**WHAT IS NEEDED**
Return only the lines of the listing below that run from the line with "Sacred Eye Cushion" through the line with "Vox AC15CH Custom", both ends included, exactly as written.
══ DATA FOR THIS EXERCISE ══
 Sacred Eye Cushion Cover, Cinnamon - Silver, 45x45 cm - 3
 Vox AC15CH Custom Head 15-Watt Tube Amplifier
═══
══ DATA FOR THIS EXERCISE ══
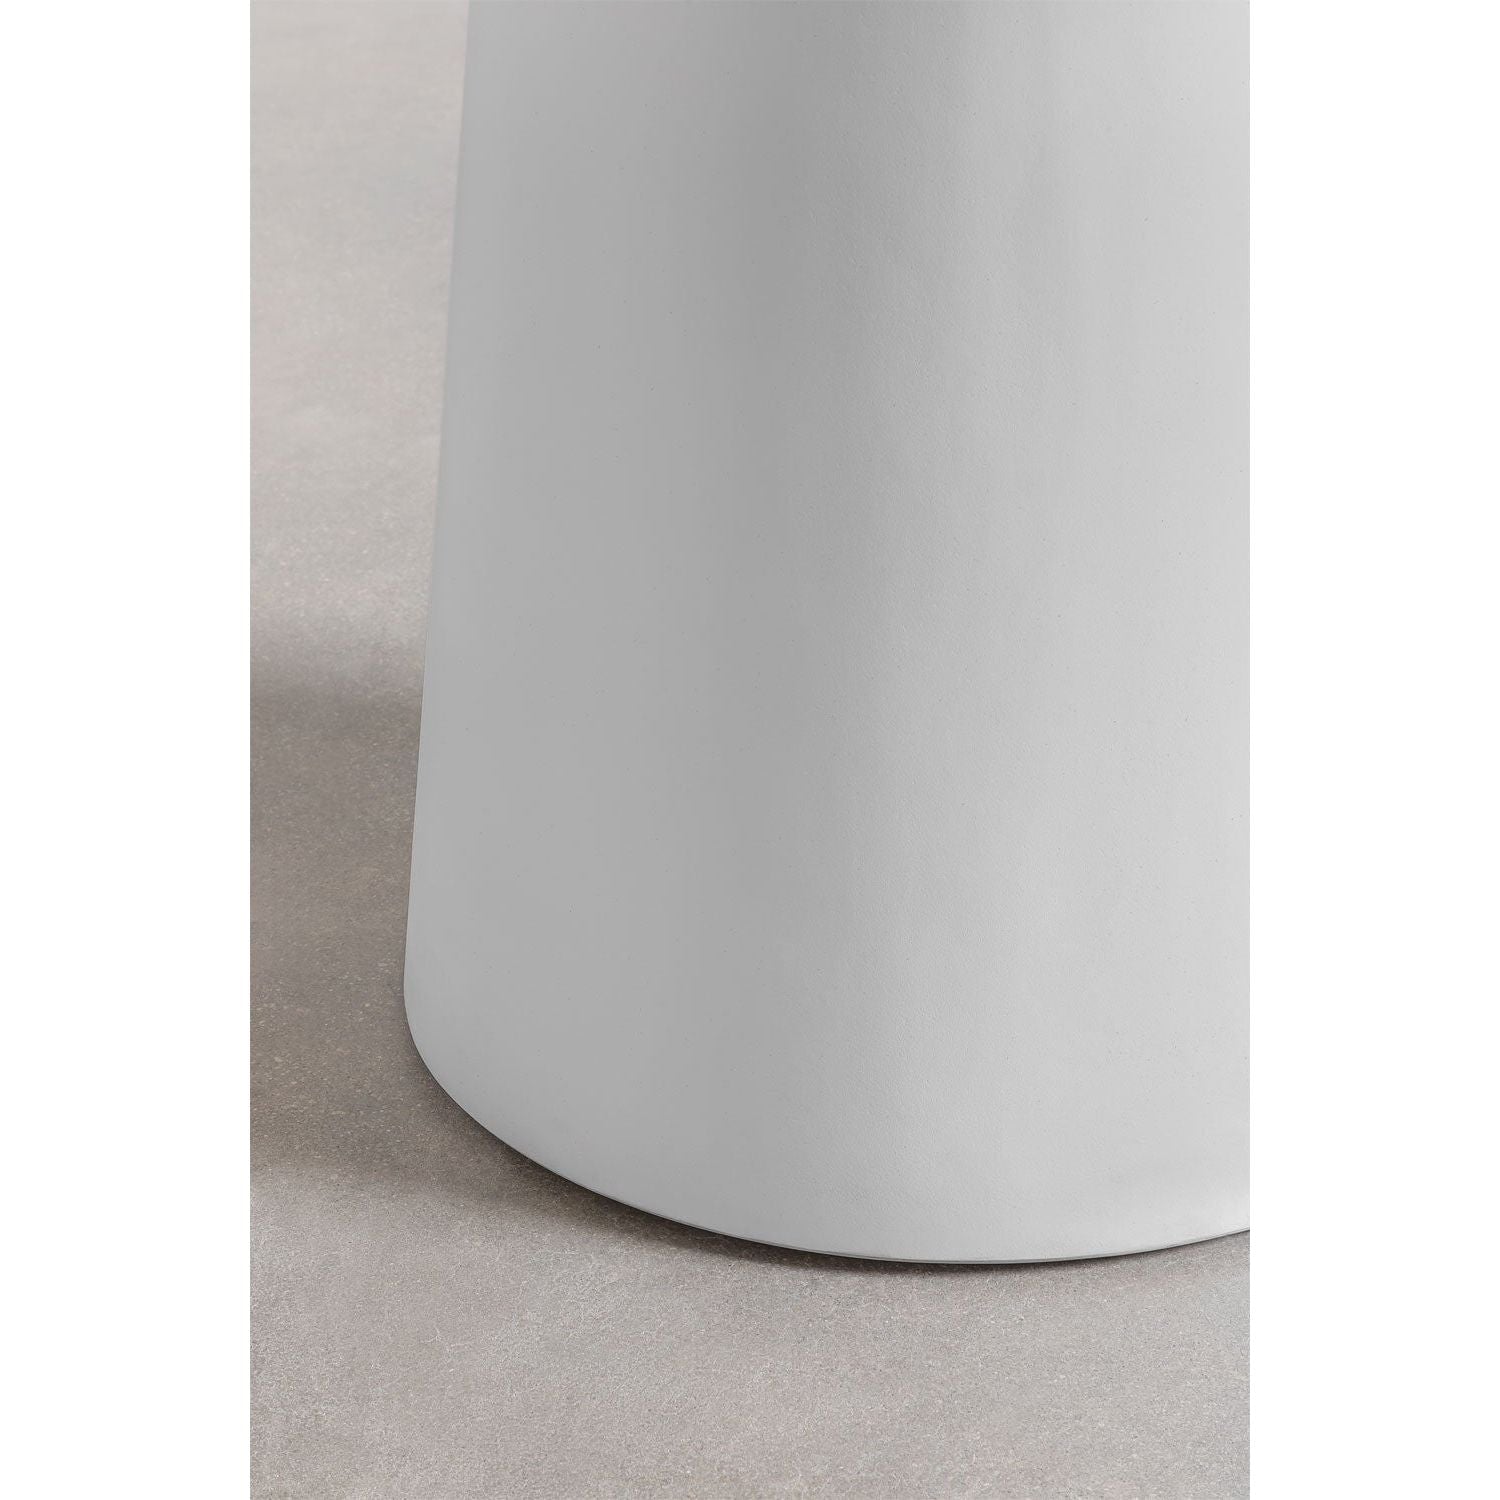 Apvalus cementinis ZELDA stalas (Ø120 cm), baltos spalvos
═══
**EXERCISE RESULT**
 Sacred Eye Cushion Cover, Cinnamon - Silver, 45x45 cm - 3
 Vox AC15CH Custom Head 15-Watt Tube Amplifier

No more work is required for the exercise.